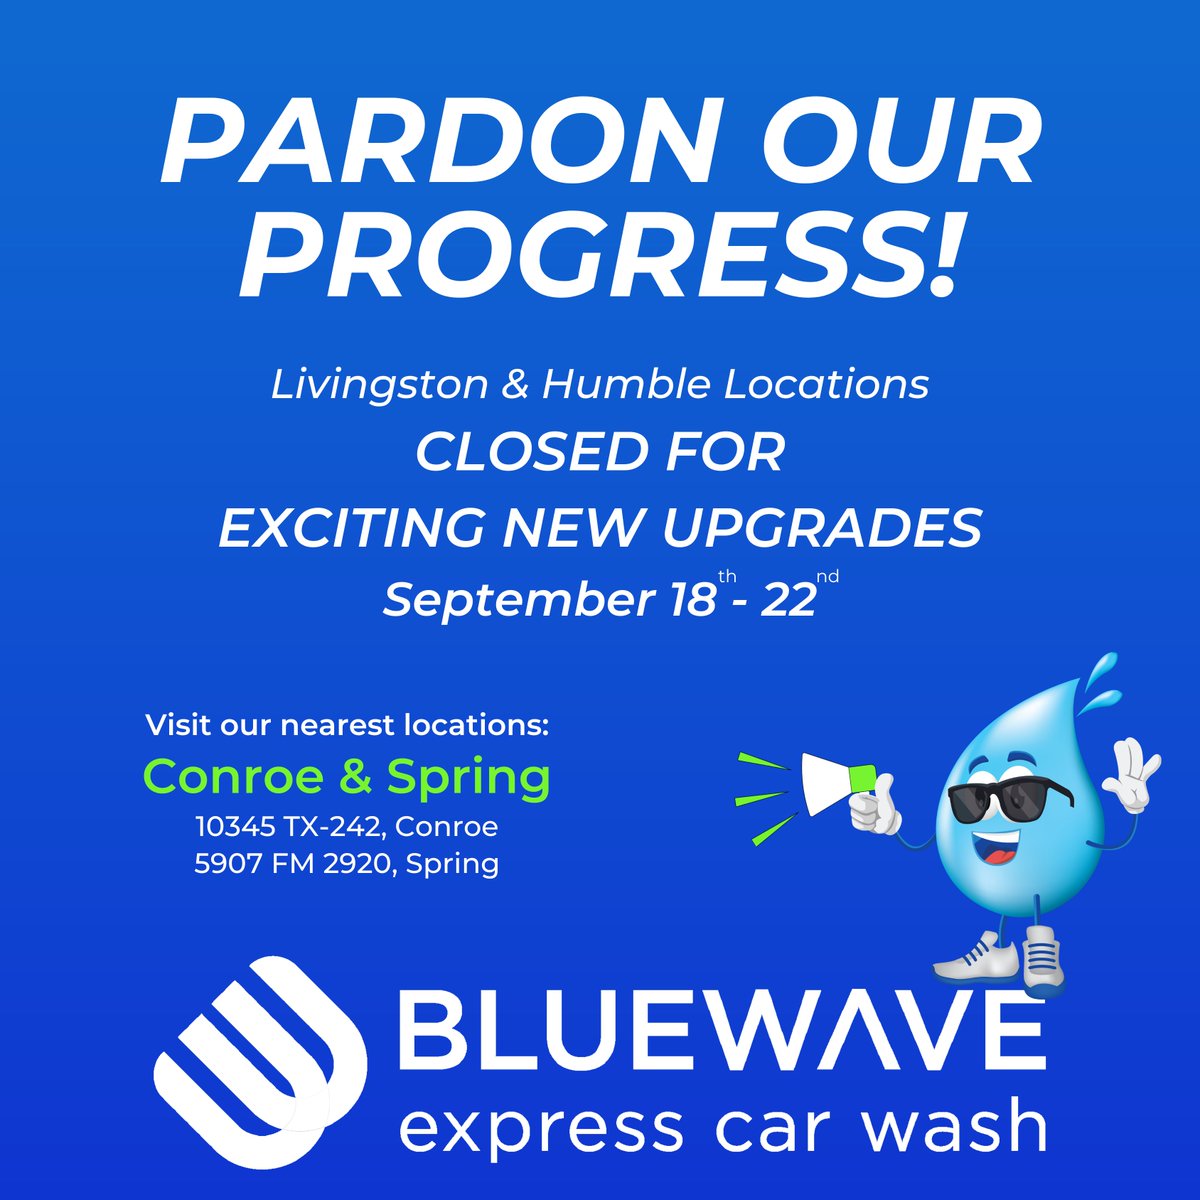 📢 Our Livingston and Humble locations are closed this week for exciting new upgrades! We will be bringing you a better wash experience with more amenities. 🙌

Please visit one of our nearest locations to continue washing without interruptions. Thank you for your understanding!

---

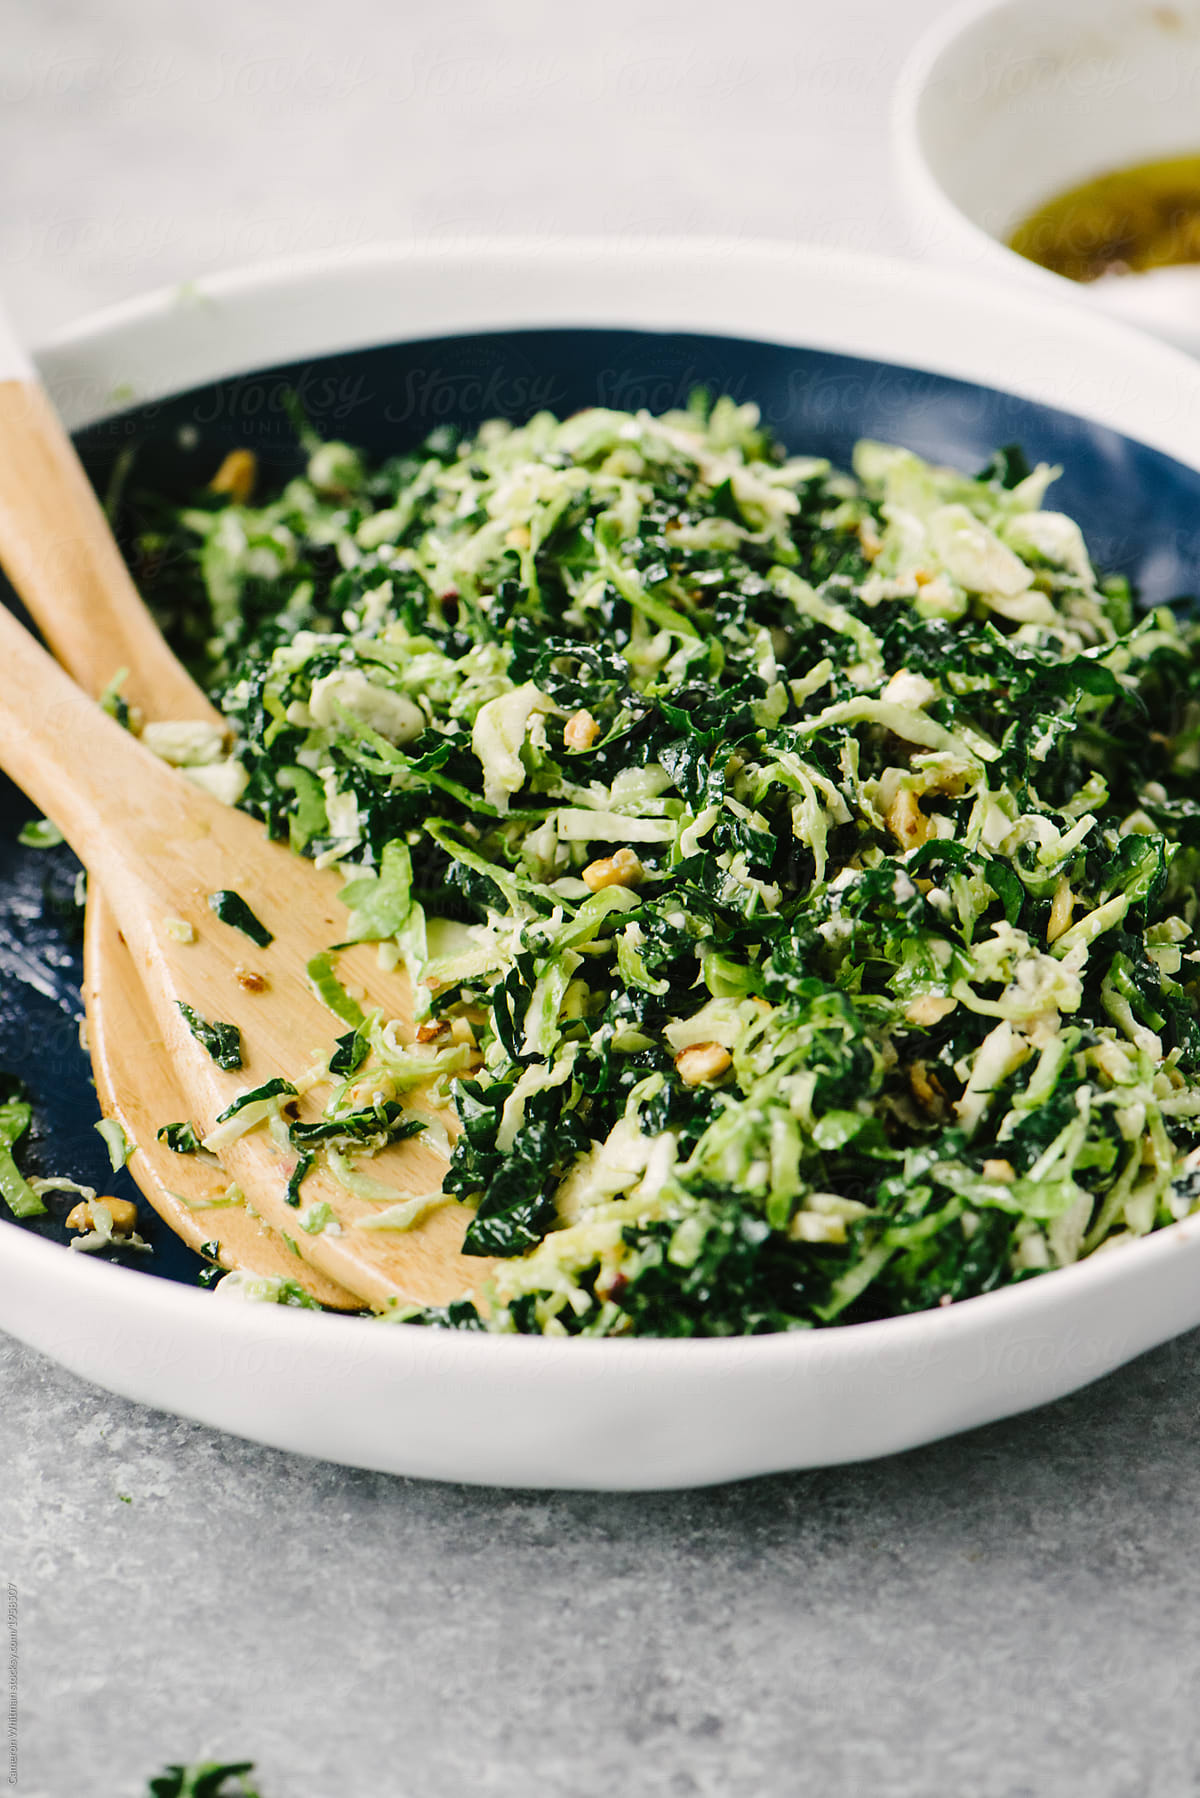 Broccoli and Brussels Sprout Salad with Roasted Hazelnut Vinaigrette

- _TASK STATEMENT_: Print exactly the lines above that run from the one with "more amenities. 🙌" to the one with "Please visit one", both included. No pictures.

- _ANSWER AREA_:
 📢 Our Livingston and Humble locations are closed this week for exciting new upgrades! We will be bringing you a better wash experience with more amenities. 🙌

Please visit one of our nearest locations to continue washing without interruptions. Thank you for your understanding!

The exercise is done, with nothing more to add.